However, the text material—flowing like the unpolluted streams of ancient times—posed a few questions to me. ‘The gods needed animals to travel around the world and the animals needed the gods to learn how not to be hungry. This was an amazing idea, thanks to goddess Saraswati. This is how vahana came into being’ (blurb and pp. 1-18).
Is such a materialistic explanation of mutual convenience supported by the ancient texts? Were gods, as per the usual or age-old conception of them, entities who ‘had no way to travel except by walking’ (p. 1)?
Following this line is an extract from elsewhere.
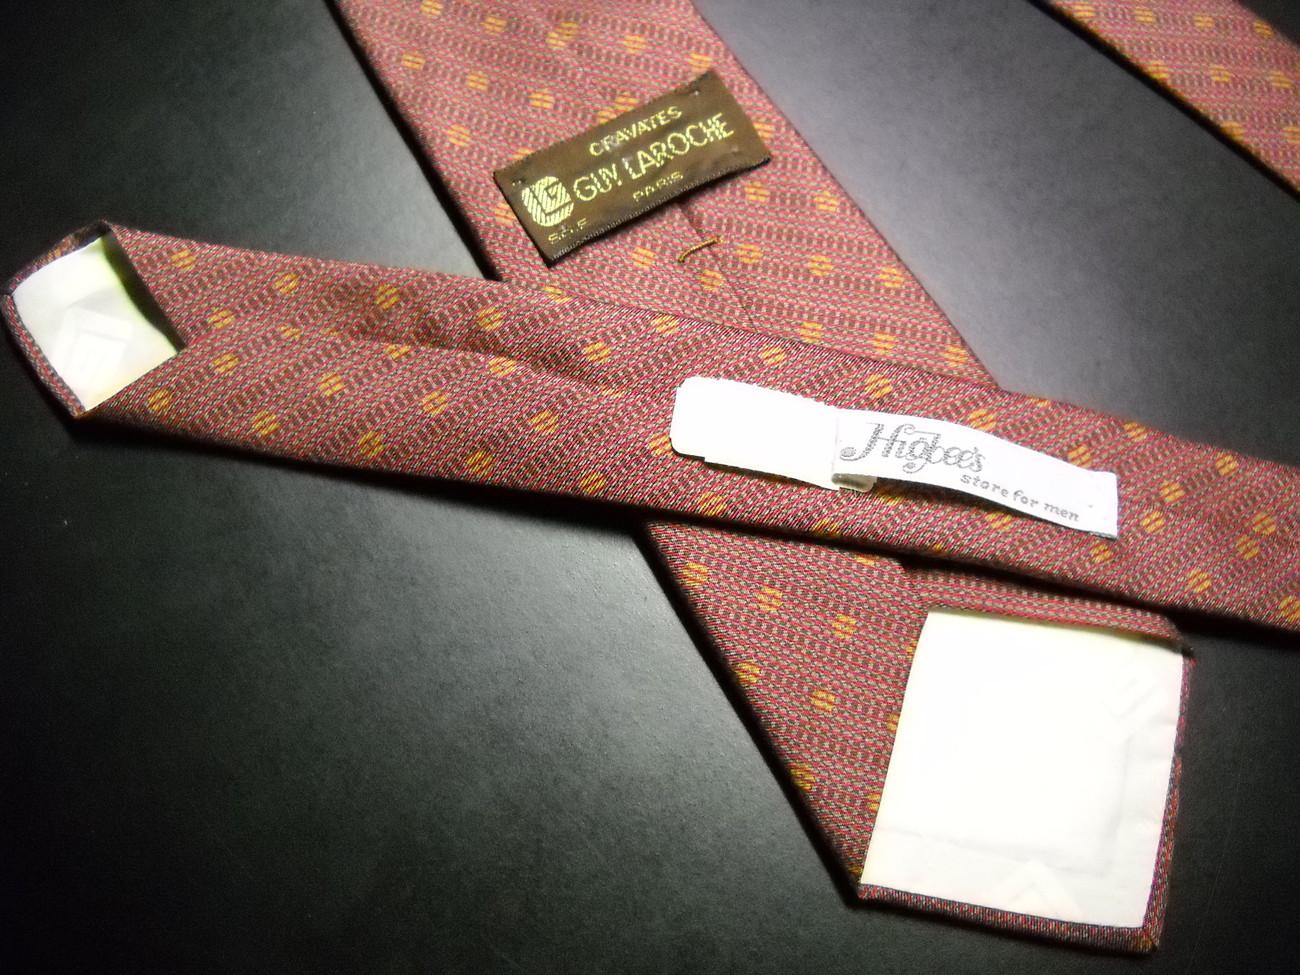 Guy Laroche Silk Dress Neck Tie Soft Browns 3 Inches at Widest Vintage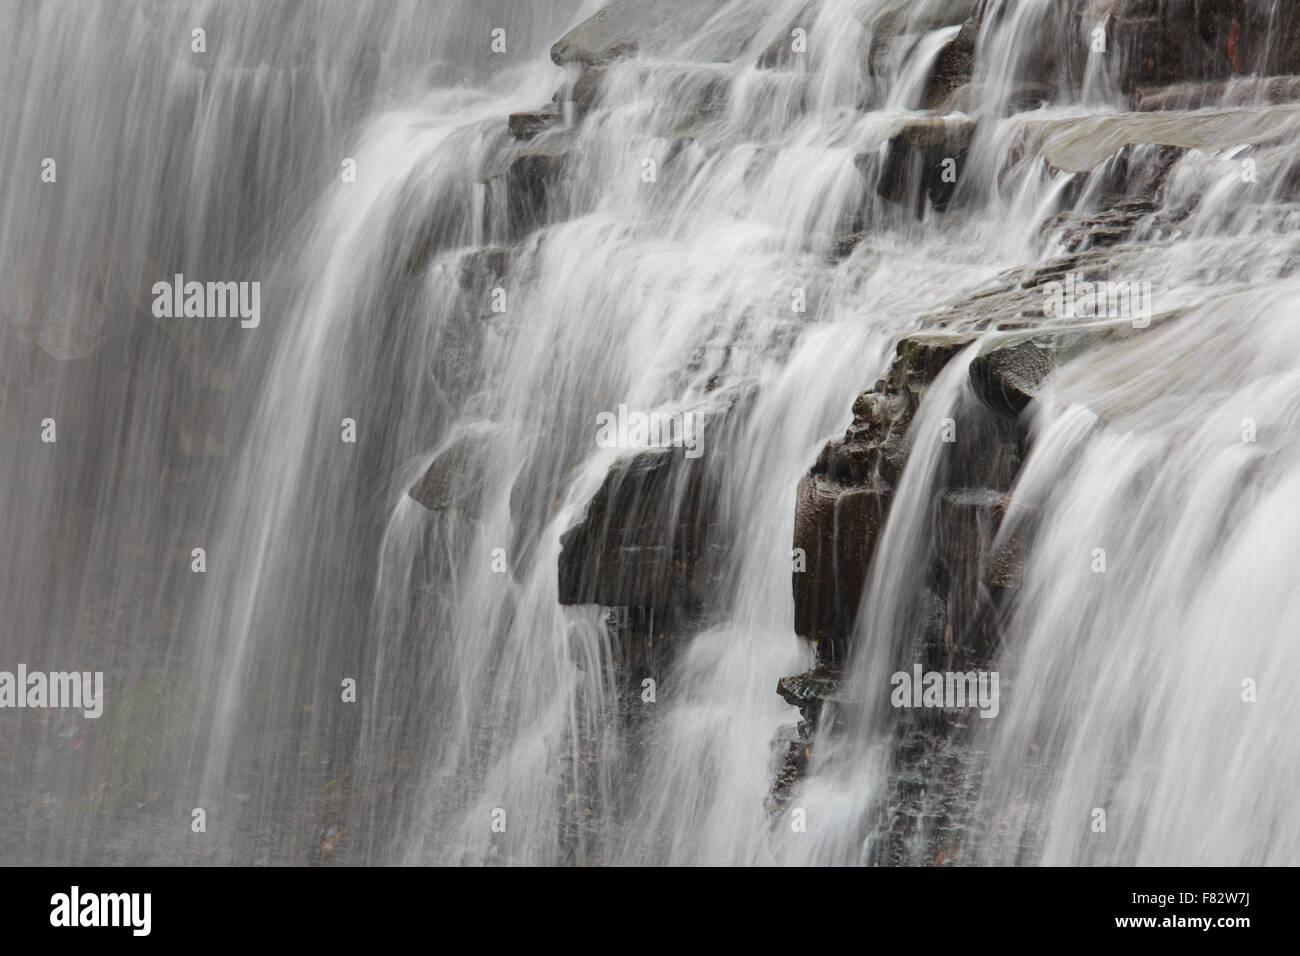 Details of Brandywine Falls, Cuyahoga Valley National Park, Ohio - Stock Image

Were they all looking for conveyance and took the animals as ‘friends’ to help them along?
The lion, as stated in the Markandeya Purana, was sent to Durga (not Kali as mentioned on p. 39) by the other gods who had fashioned her to tackle Mahishasura. The elephant that Indra is associated with was churned out of the sea, again as the Bhagavata and Vishnu Purana say. The Brahma Purana has Garuda reproaching Vishnu for not appreciating his service enough. In reply Vishnu had pressed his weight upon Garuda and almost crushed him—showing him who was the boss. Such references suggest that the relationship between a god and his vahana was not one of parity that the word ‘friends’ connotes. The gods rode on the animals, even if they did not ride roughshod. They were patronizing to them, like they were to the human species. It was the relationship between the Bhakta and Bhagawan, as it is commonly called.
When we jokingly describe someone as someone else’s vahana, there is that nuance of being a ‘bearer’, attendant or servant. Had the book explained that the word ‘vahana’ is a Sanskrit word derived from the root ‘vah’ which means ‘to carry’ or ‘to bear’, it would automatically have conveyed the inequality in the relationship.